AuthorTilton, Morgan
PositionSTATE of the STATE

Colorado marked its first full year of storefront marijuana sales in January, during which it established a regulatory model for production, cultivation, product manufacturing and retail sales.

Amendment 64 went into effect on Dec. 10, 2012, expanding legal marijuana possession to anyone 21 and older, of up to one ounce for any purpose. Close to a year later -- Jan. 1, 2014 -- the first legal marijuana sales took place in Colorado, not just to those with medical marijuana licenses, but to anyone 21 and older with an ID.

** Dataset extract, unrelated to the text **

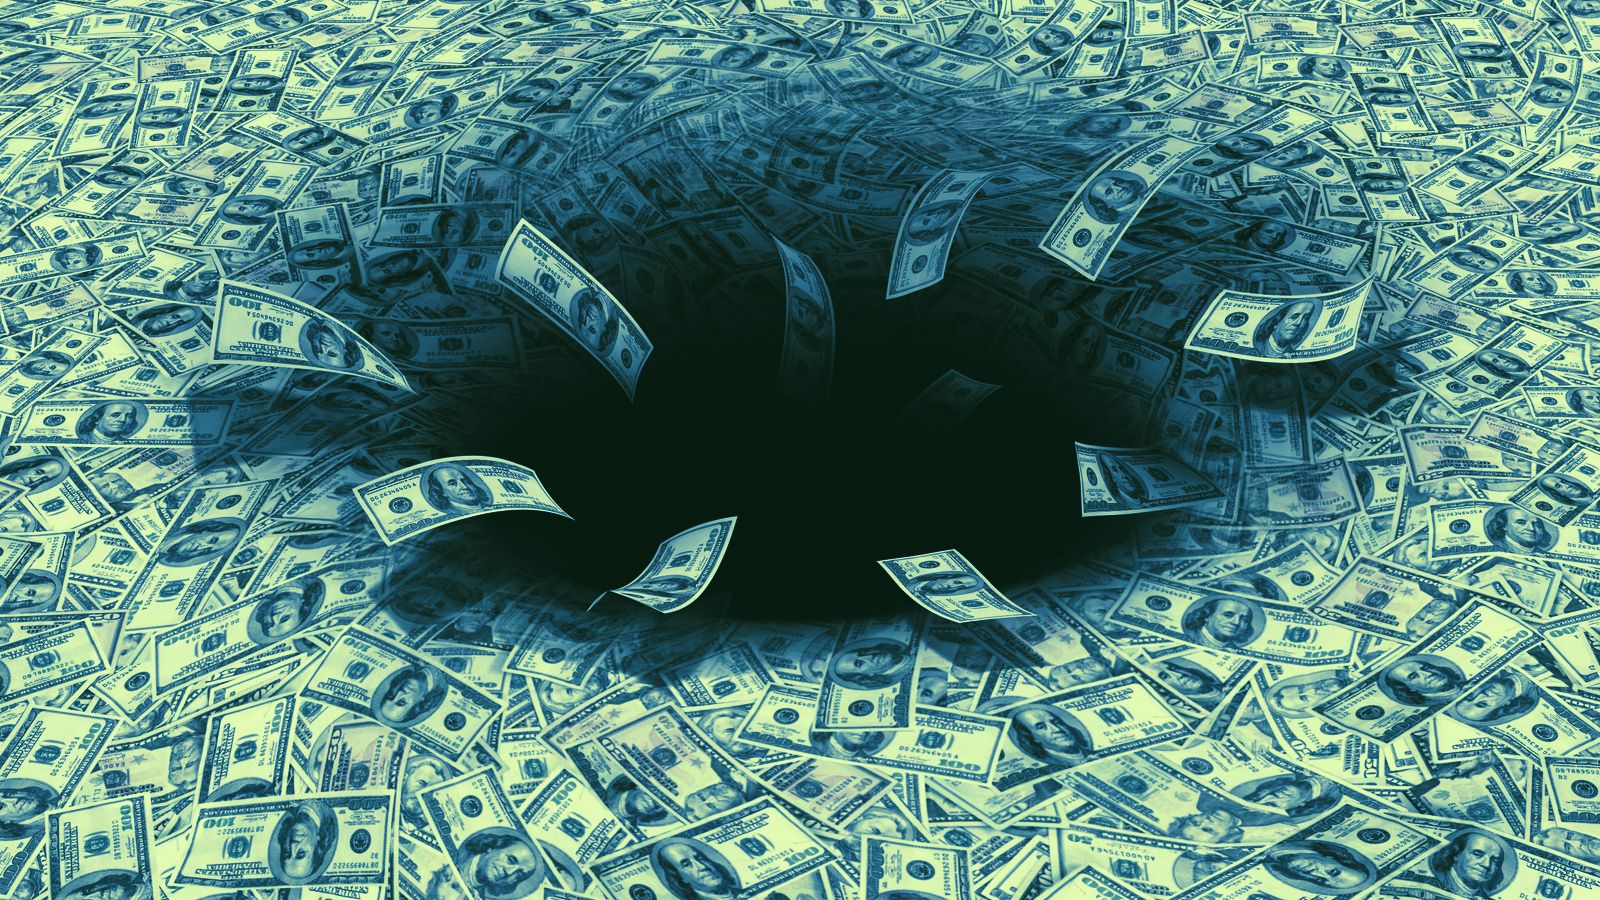 Mt. Gox Creditors Suffer $1.2 Million in Fees Since March - Decrypt
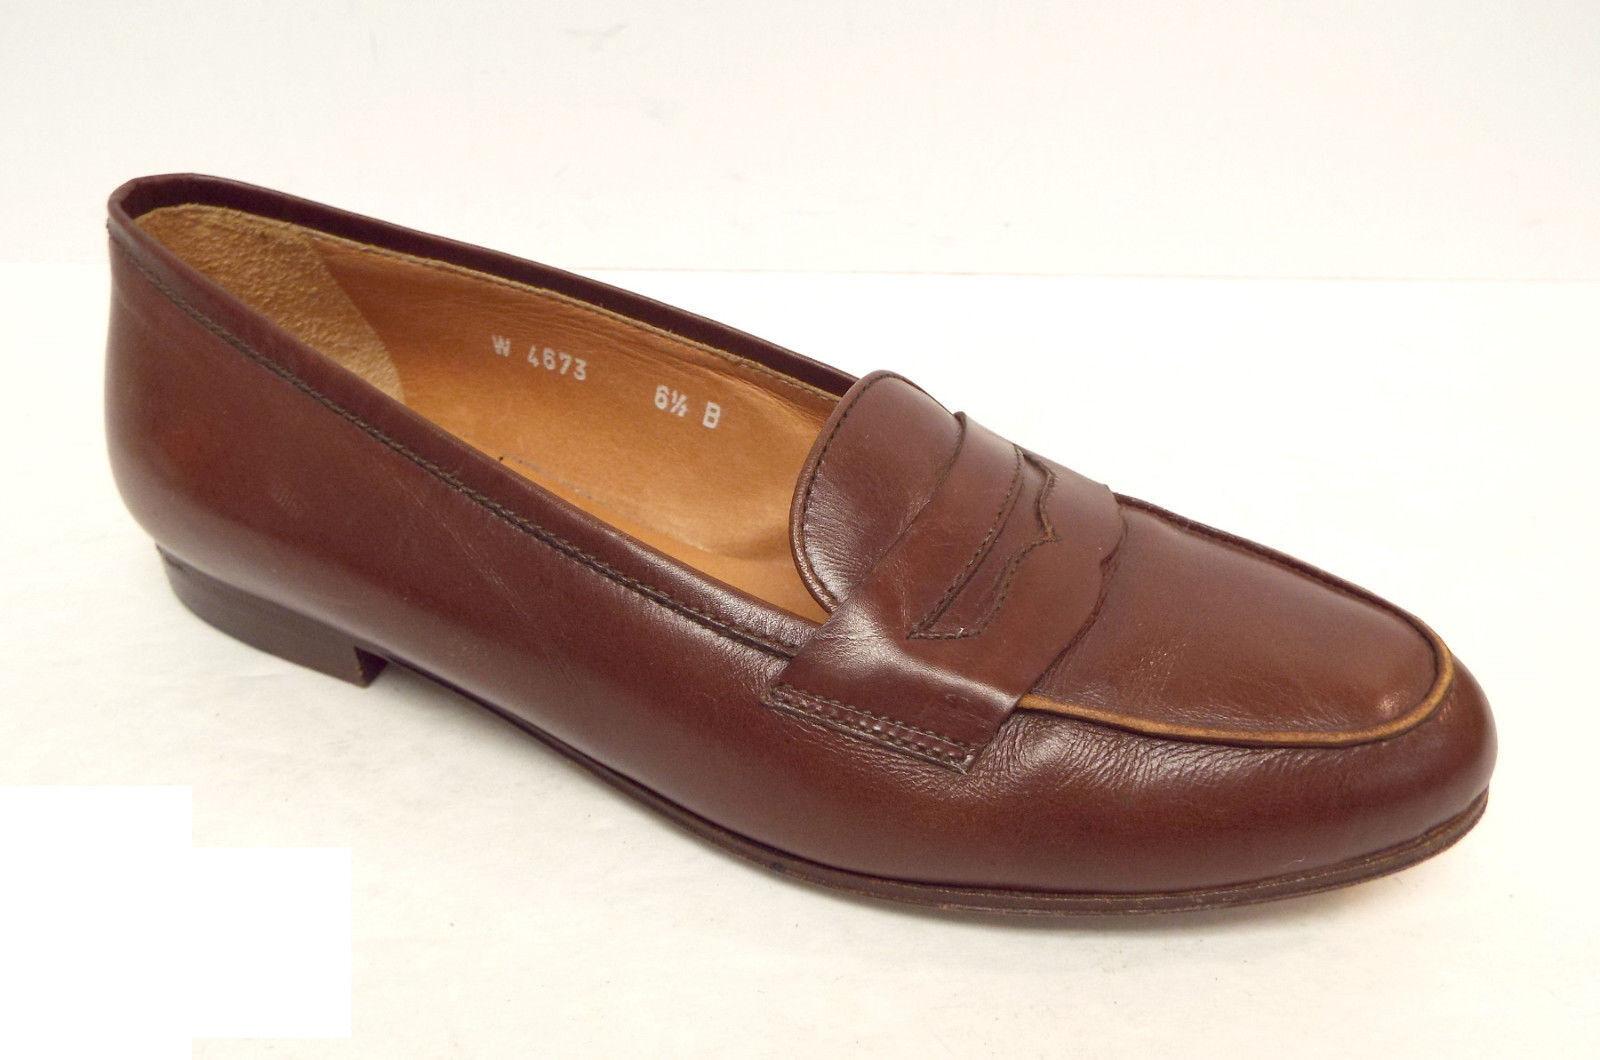 RALPH LAUREN Collection Größe 6.5 Braun Leder Penny Loafers Flats Schuhes 6 1/2

Since, professions in and around the marijuana industry have proliferated. They include edibles, even those for celiac patients and gluten-sensitive diets; concentrate processors; scientific researchers (16 marijuana testing facilities were licensed in the state at the end of 2014), strain reviewers; pot-focused real estate agents; organic and indoor farmers; container manufacturers; travel agents; trimmers and bud-tenders; security guards; and legal advisers.

Here's a look at the taxes, licensing, sales and medical research that took place in Colorado's first year of legal retail marijuana:

TAXES

In 2014, the state collected roughly $53 million in tax revenue, licenses and fees for both medical and retail marijuana. For the first five months of 2015 alone, state revenue from those sources totaled $50 million, according to the Colorado Department of Revenue.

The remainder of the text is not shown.